Long cleanup process begins with public meeting
Thursday, May 25, 2000 | 9:19 a.m.
GARDNERVILLE, Nev. - The process of deciding how to clean up one of the nation's most polluted mine sites got under way with an almost scholarly public hearing.
The Leviathan Mine, an abandoned open pit sulfer and copper source in Alpine County, Calif., annually dumps tons of deadly toxins into Leviathan Creek and its tributaries.
Those orangish-yellow streams can find their ways through picturesque canyons dropping out of the Sierra Nevada and into the East Fork of the Carson River in the western part of Nevada's Douglas County.
The mine has been added to the federal Environmental Protection Agency's list of Superfund sites which get special attention because of the extent of their pollution.
EPA experts told Wednesday night's meeting that while interim mitigation is reaping dividends, anything beyond that is long term.
"We're at a fairly early stage here. We need to pull together the existing information and see what we've got going," EPA remedial project manager Kevin Mayer said. "We're three years down the road at least."
EPA ecologist Ned Black said that work by California's Lahontan Regional Water Quality Control Board has helped keep most, if not all, of the toxins out of the Carson River.
The acid runoff is gathered in holding ponds where lime is added to help neutralize the solution and to cause metals like aluminum, copper and arsenic to precipitate to the bottom of the pools.
"So far at this time, we've not been able to detect a lot of ecological impact on the Carson River.

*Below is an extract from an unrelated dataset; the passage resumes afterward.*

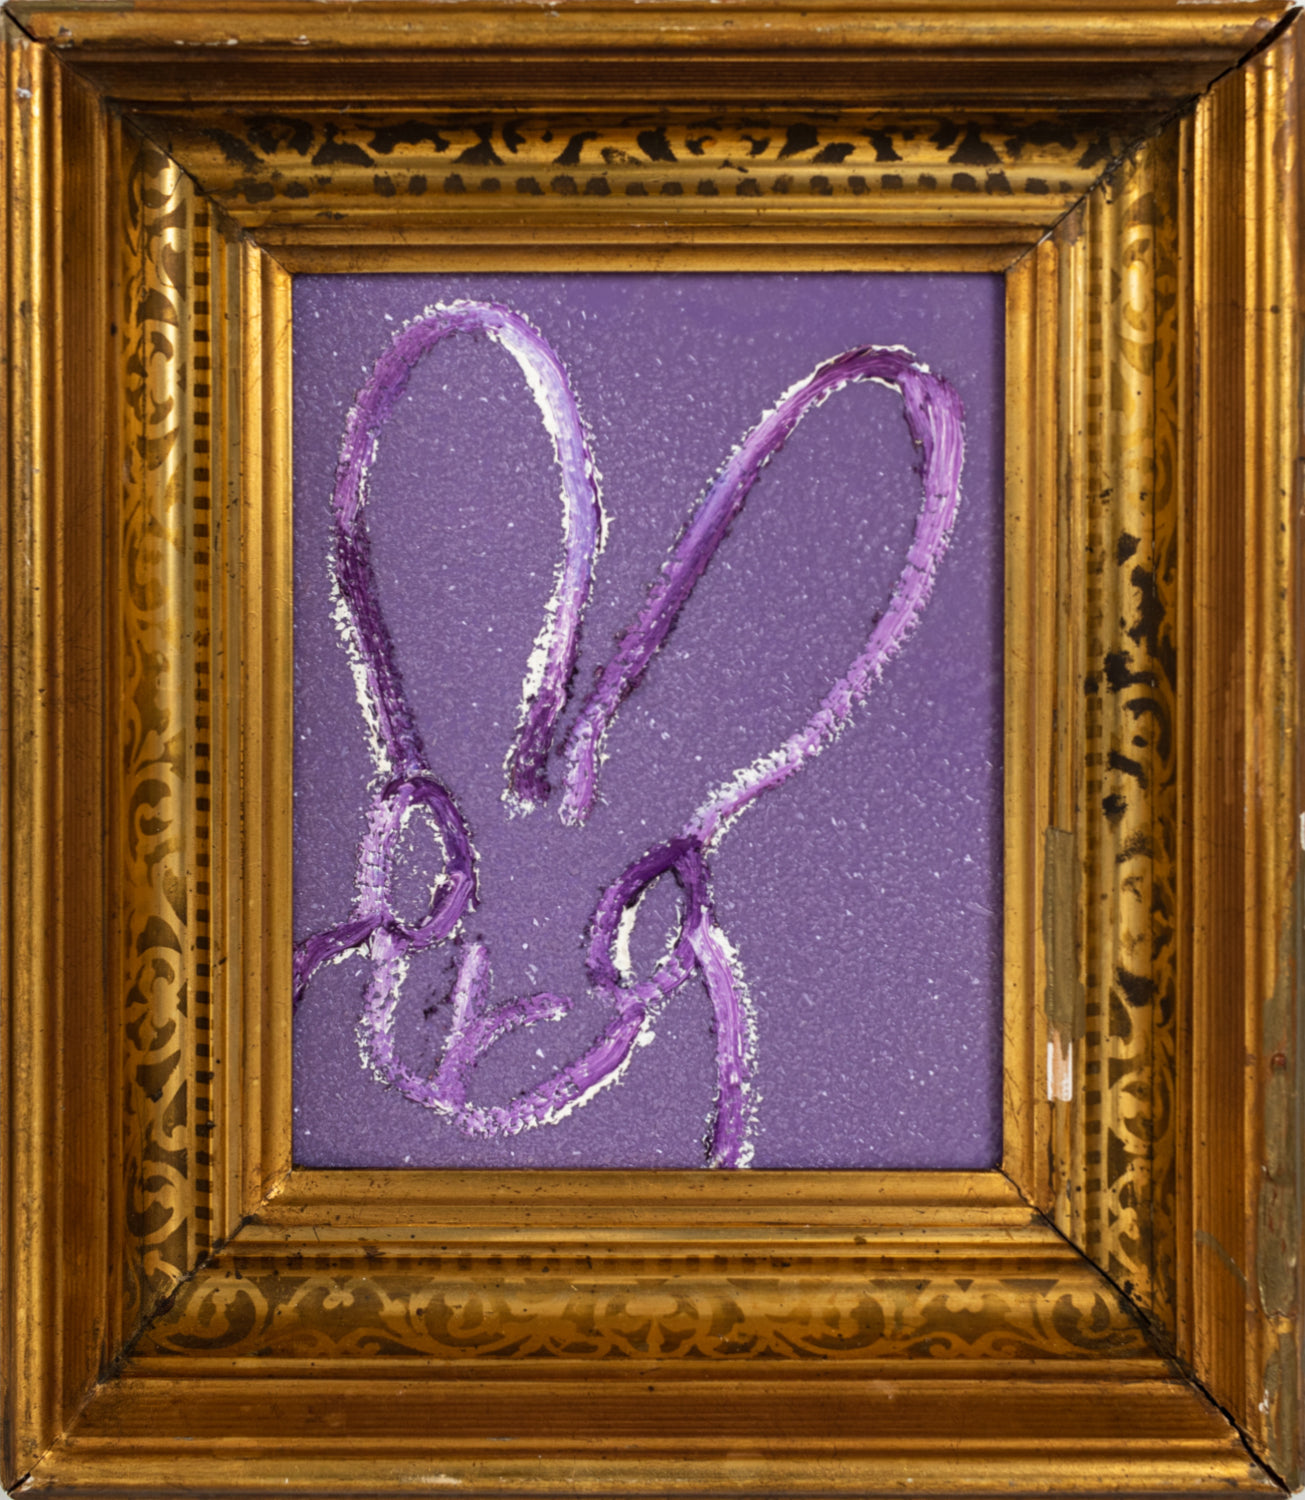 Purple Hunt Slonem bunny painting “Sparkle,”2021, Oil, Diamond dust and Resin on wood, 10 x 8 inches, in antique frame, Hunt Slonem Bunnies for sale at Manolis Projects Gallery

We're not saying it isn't there," Black told the gathering.
While the potential damage of the runoff is causing concern on the receiving end in western Nevada and on the lands of the Washoe Tribe of Nevada, the tone of Wednesday's presentation by the EPA officials and questions from the audience of about 40 reflected a Geology 101 lecture, free of any rhetoric.
Mayer said that was the idea behind the meeting - the first of many.
"We're still laying out our understanding of what the problem is and stil grappling with proposals for ways to deal with this. We want people involved," he said.
The mine 25 miles south of Gardnerville operated intermittently from 1863 to 1962, producing copper sulfate and sulfur. The spent ore was scattered over some 250 acres and water running through it leached out the remaining minerals that decimated Leviathan creek and its tributaries.
Mayer said that along with finding ways of neutralizing the damage, the current studies initially have to set some goals.
"How clean is clean? That's one of the hardest questions we're going to be hit with," he said. "Coming up with a model ant satisfies every scientist is really pretty tricky."